Radar | Aug 08,2020
November 14 , 2020
By Matewos Berhanu ( Matewos Berhanu is a finance director at Hope Enterprises. He can be reached at email@example.com. )
Once again, the United States has emphasised its emblematic composure of inclusiveness regardless of origin, race or differences of ideas with the election of former Vice President Joe Biden to the presidency. The "stronger together" trumpet has been sounded much louder for diversity than homogeneity. It has set an exemplary position to all nations that human potential is best harnessed in togetherness, where unity in diversity is rewarded with political stability.
It can be reasonably argued that the US is a country that reflects best how the wide spectrum of races, ethnicities and, most of all, ideologies are bounded up by civilisation. With minority groups, from women to African Americans, inching ever closer to economic and political empowerment, it has reignited hope in the American project.
Putting aside the complexity of politics and partisanship, for what it is worth, the United States has reiterated its message of unity among human races that echoes across all corners of the globe. This is not to imply perfection or to overlook the extremes of the Left and the Right that has come to underlie the nation’s politics.
It does not take being an American citizen to realise that there are also many areas where the nation’s politics has become dysfunctional, especially the attitudes toward policies and decisions coming from the other side of the aisle. The kind of dissension exhibited at times by representatives on political issues compels the mind to doubt if the figureheads on both sides of the aisle are even contemporaries.
Indeed, the growing polarity among the American public, sourced from racial or ideological differences, also portends that there may be dark times yet to come. There is little to suggest the exceptional reality of this than the fact that President Donald Trump has still not conceded the election that was held earlier this month. Trusted elections and smooth transitions of power are shining expressions of civilisation and democracy.
Worth noting is what the past four years of the US presidency have left for the world. It is nothing short of astounding that a single four-year term of a US president has consequences on the rest of the world for years, if not decades, to come. These range from agreements on climate change and the Iran nuclear deal to international multilateral institutions and the Israel-Palestinian conflict.
This is not to mention the Ethio-Egyptian political impasse over the Grand Ethiopian Renaissance Dam (GERD) and the Trump administration’s involvement in it. From Trump’s off the cuff remarks to the evident lack of neutrality in the attempt to bring the two parties to a negotiation, it was a case of how a single administration’s policy objectives impact countries across the world.
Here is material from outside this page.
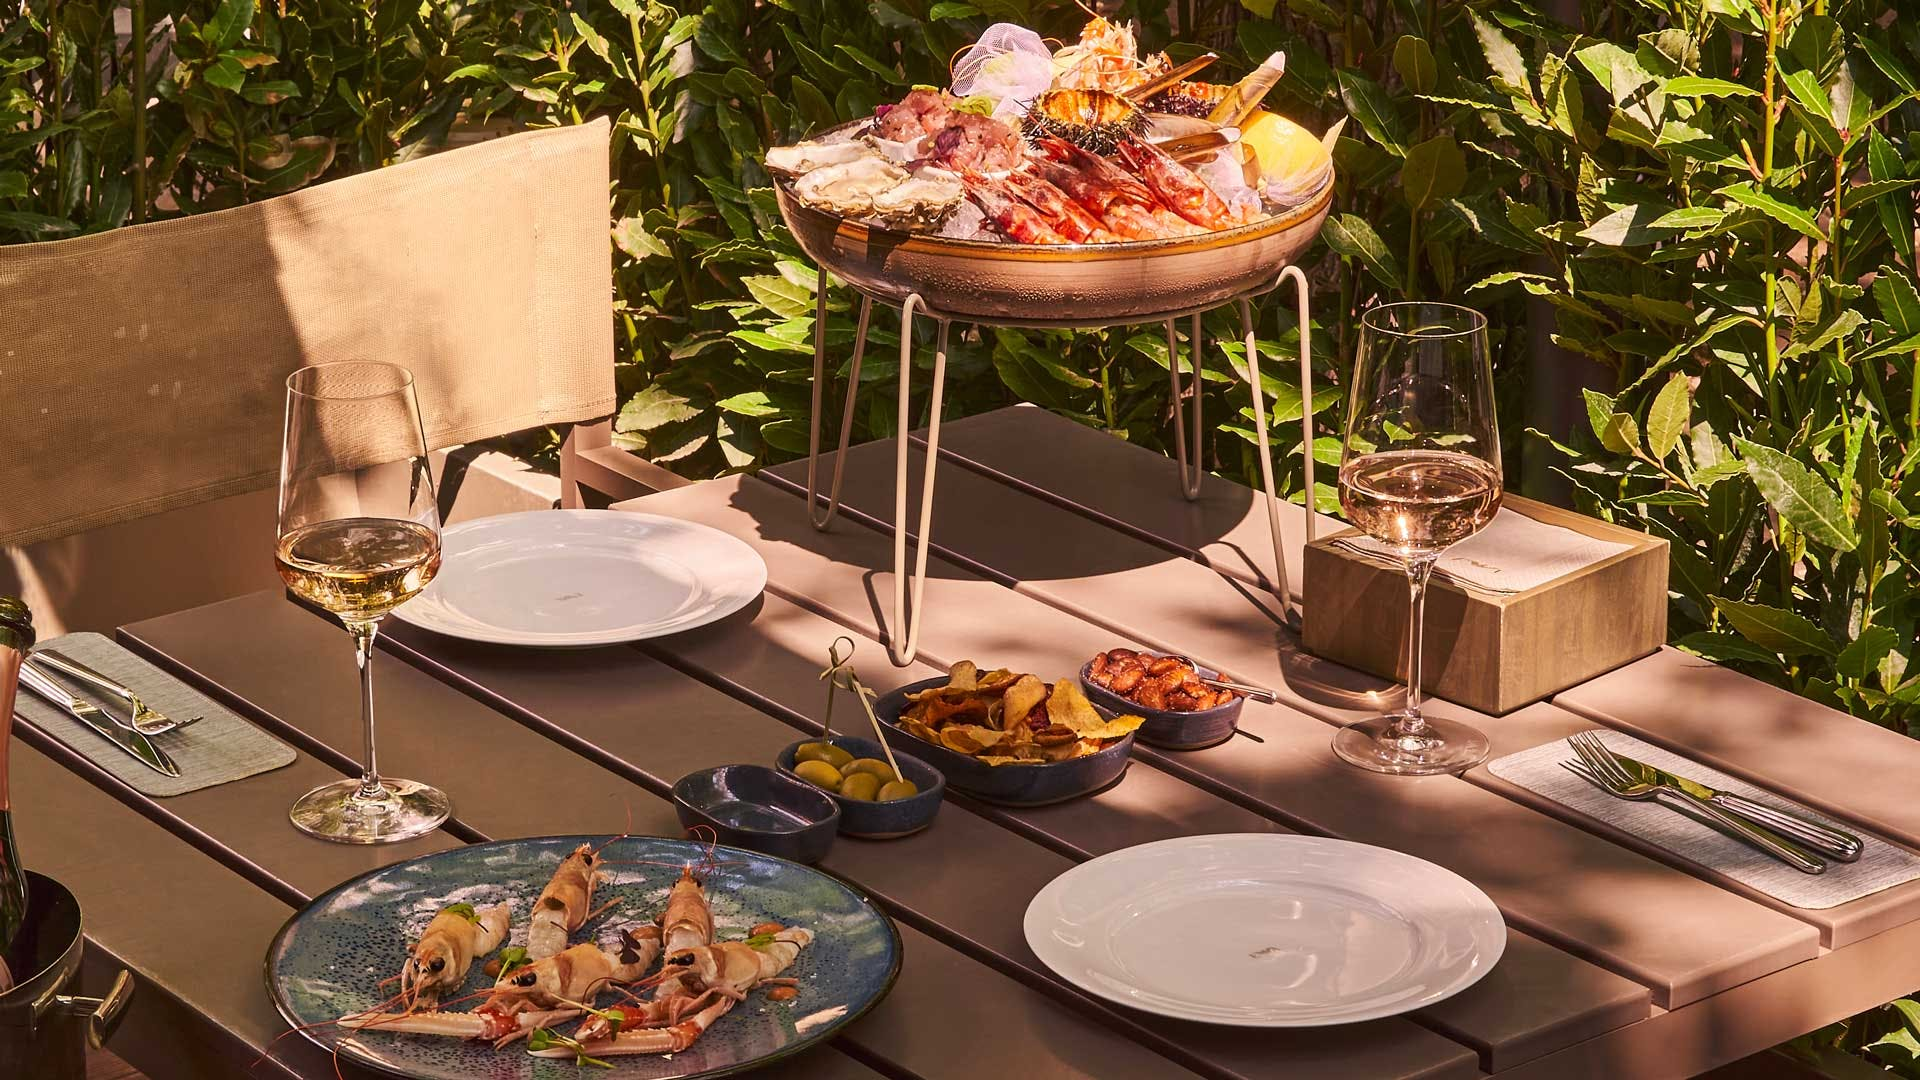 Nella foto un immagine di un ristorante all'aperto con la tavola bandita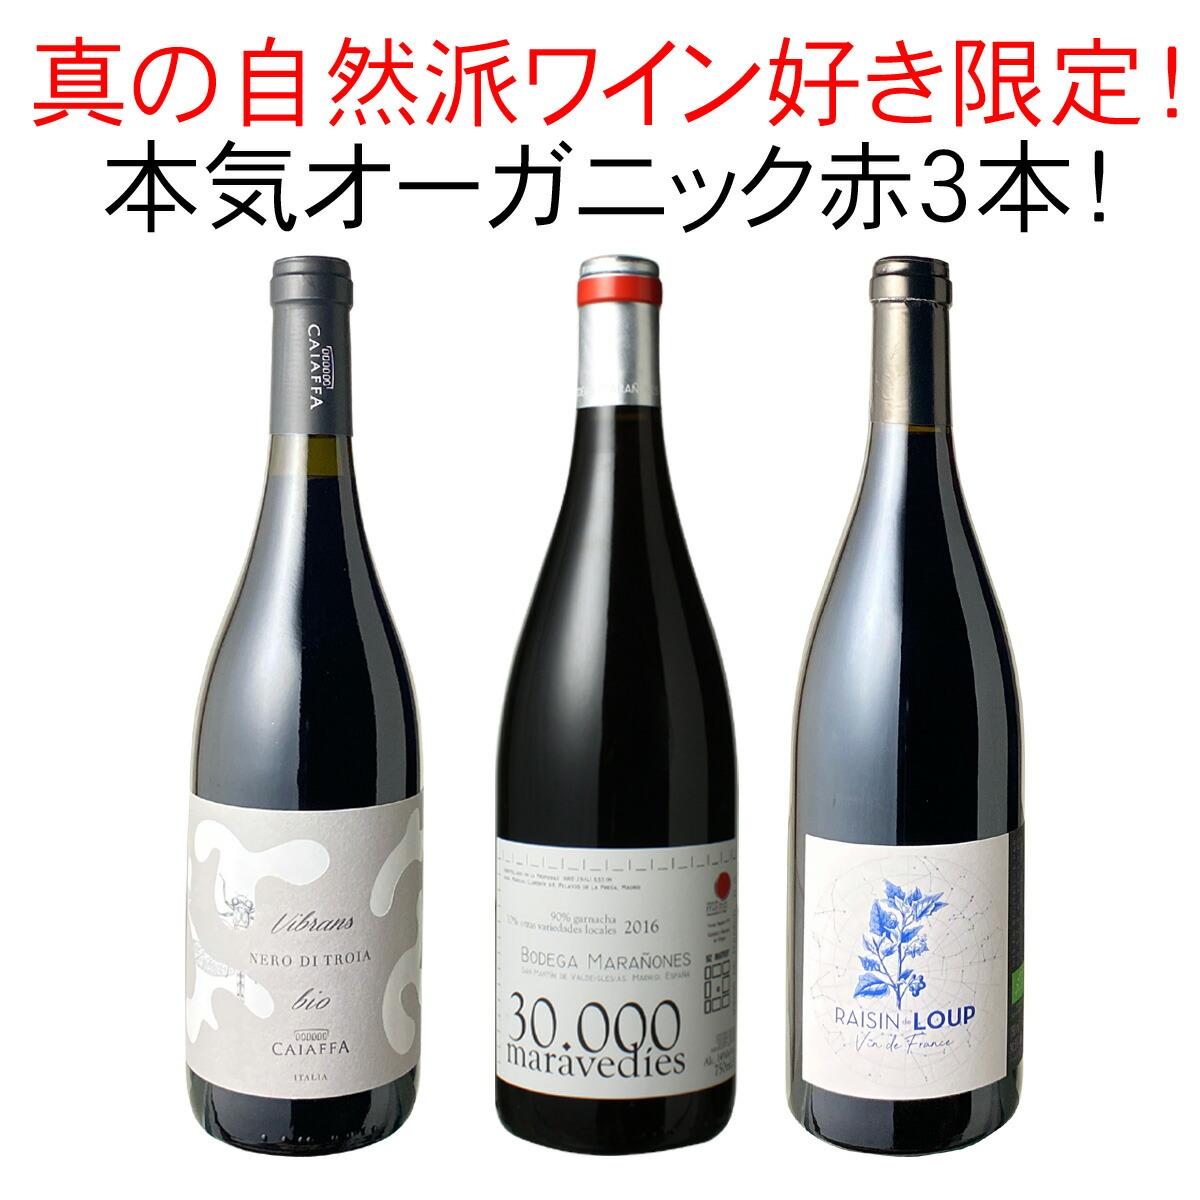 ワインセット オーガニック 赤ワイン 3本 セット ユーロリーフ認定入 家飲み 御祝 誕生日 ハロウィン ギフト プレゼント オーガニック赤

This should be concerning for the global order, although it has been obvious for some time that power has been concentrated in the hands of very few countries for too long. It sends a serious message to the international community to strengthen multinational institutions and ensure a fairer distribution of power on decisions to be made about global issues.
Still, there are lessons for Ethiopia to derive, especially in the effort to forge unity and build strong institutions. That is not an oversight on the fact that Ethiopia has for generations been an icon of the diversity of cultures, languages and religions, though they have been leading to conflict and displacement for long.
An element of the political malaise is political leadership, the essence of which lies in acting for the good of the people within the context of plurality. The nation’s history of nation-building should not be a chronological naming of leaders but a representation of its rich and diverse social makeup. People should not be canvases on which leaders’ paint. They are themselves the masterpiece.
As much as we cherish and celebrate peace, which is a valuable treasure, we need to understand and commit ourselves to what it takes to establish and maintain it. If nothing else, America’s relative political stability is a good lesson in this.